More recently, in the United Kingdom, when the British Parliament was prorogued by the Queen after a deadlock on Brexit, the Supreme Court declared that Parliament had not been prorogued. It was in a challenge brought by Gina Miller[14]. Pertinently, the Court held that it was not precluded from considering the validity of the prorogation by Parliamentary Privilege. In this battle of Parliament on one side and the Executive on the other, the Court cast the die in favour of Parliament, and upheld the accountability of the Executive Government to the British Parliament. While the Executive was fiercely critical of the decision, they did abide by it – as informed to the Supreme Court. Prime Minister Boris Johnson did however declare in the House that he thought that the Supreme Court "was wrong to pronounce on what is essentially a political question."[15] Pertinently, the Prime Minister Johnson accepted the judgment of the Court – even though he thought it was wrong.

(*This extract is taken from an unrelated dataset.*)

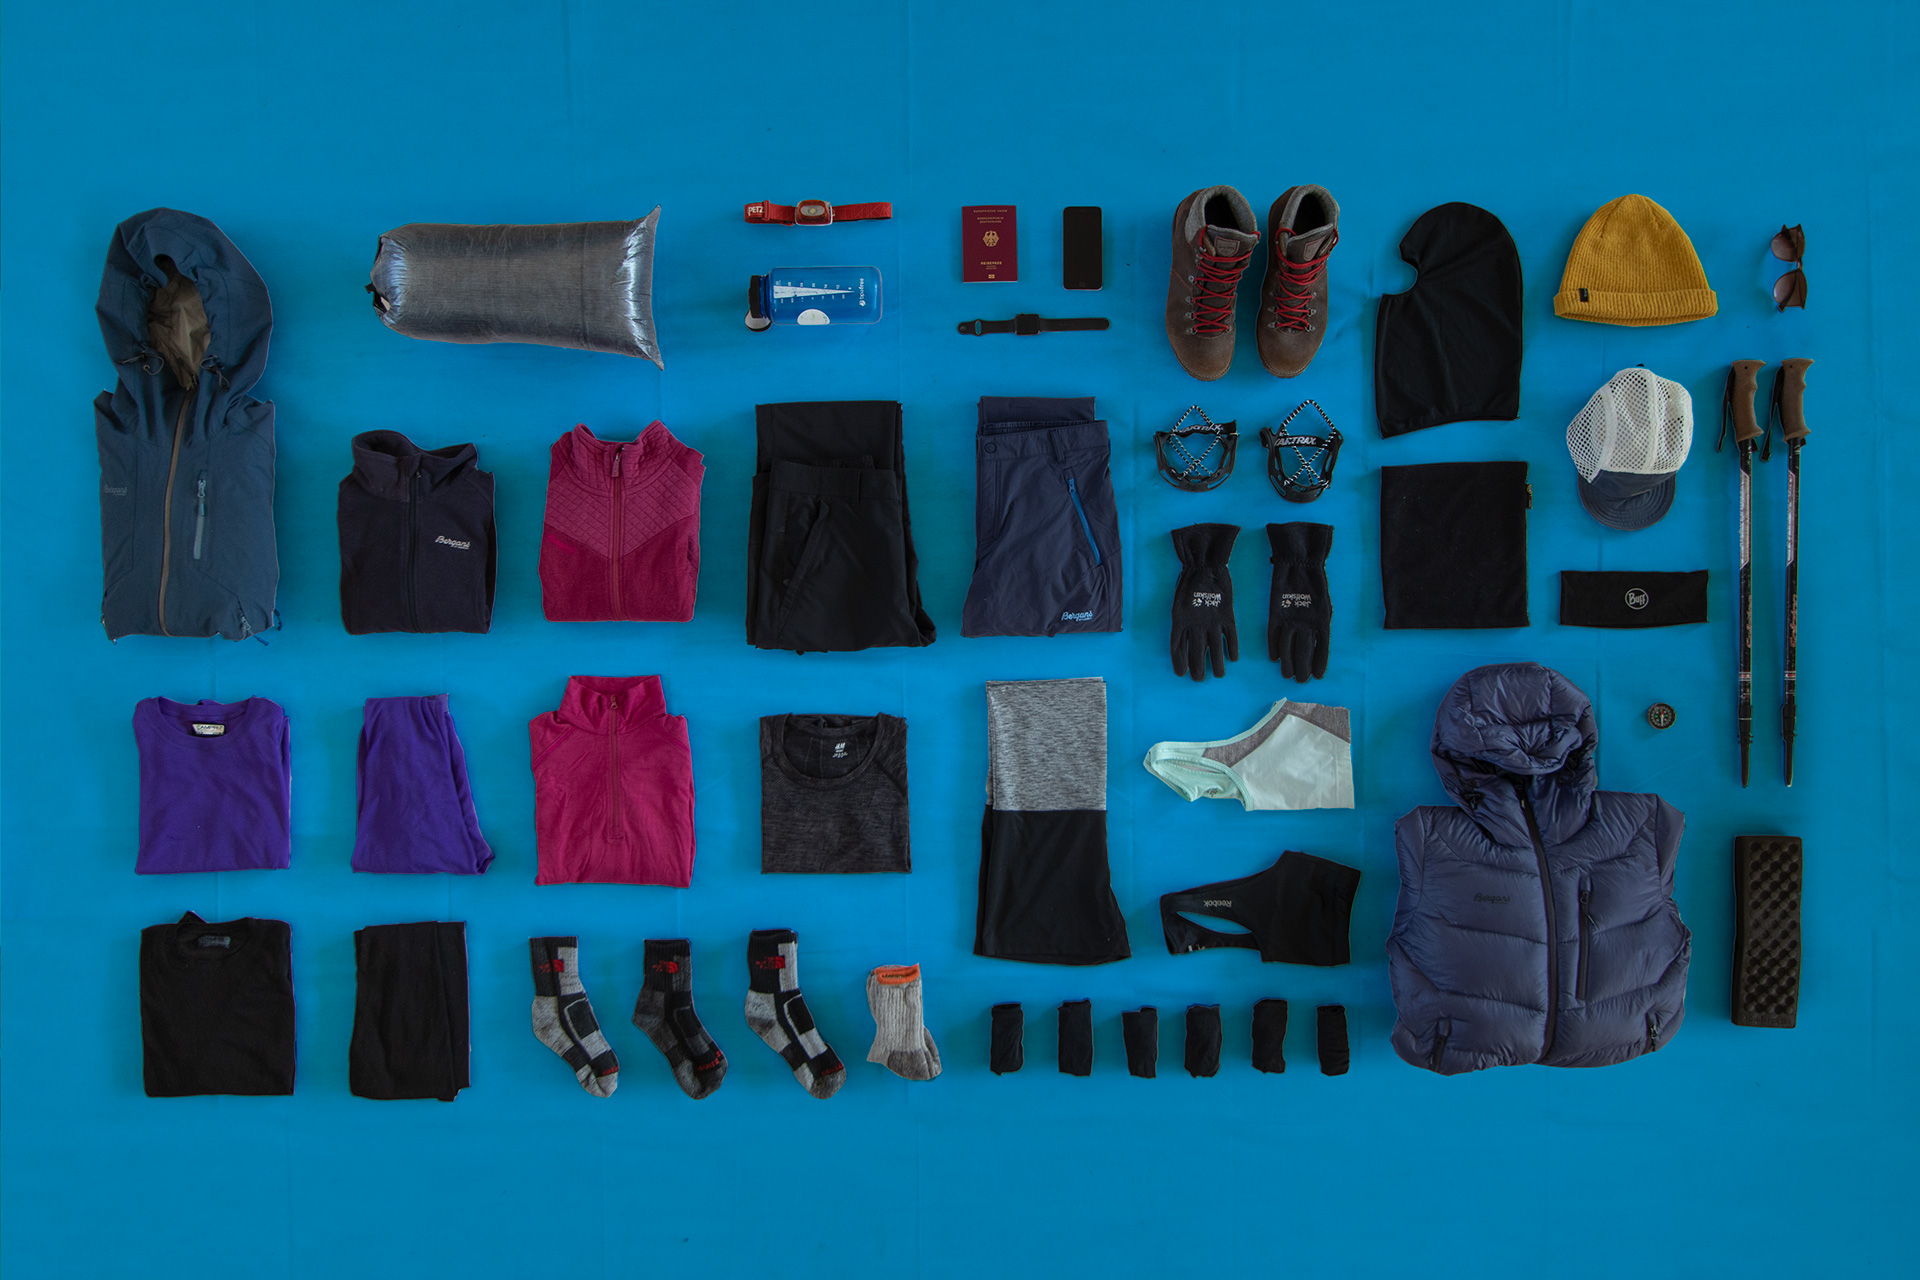 Annapurna Circuit & Annapurna Base Camp Trek Packing List | | Women | Outside Material

In a democratic polity governed by the Rule of Law, it is quintessential that the authority of the Court not be challenged. Like Prime Minister Johnson, Vice President Al Gore accepted the verdict of the Supreme Court in Bush v. Gore[16] and told his supporters to not attack the legitimacy of the Supreme Court[17] - even though the effect of the decision of the Court was to hand over the Presidency to George W. Bush. Likewise, even though abortion rights are a deeply emotive issue in the United States, for the almost half a century that Roe v. Wade[18] stood, the Legislatures and the Executive respected the decision of the Court – even though the conservative politicians voiced their opinion of how horribly wrong the judgment was. It was only by the constitutional process that Roe was overruled earlier this year in Dobbs[19] - which also faced severe criticism and protest – but not disobedience. Neither the basic structure doctrine nor the reading of the due process clause into Article 21 came naturally to our Supreme Court. In the early days, the Court refused to determine limits on the amending power of Parliament[20] or read the due process clause into Article 21[21]. It was only due to constitutional exigencies that Court reversed its original stand. And both these have become a part of our constitutional ethos, and are here to stay. Criticism of a view taken the Court on the meaning of the Constitution is one thing – but a challenge to the very legitimacy of the decision of the Court is quite another. While the former is welcome in any democratic polity, the latter is a threat to the Rule of Law, and thus a threat to the Constitution itself.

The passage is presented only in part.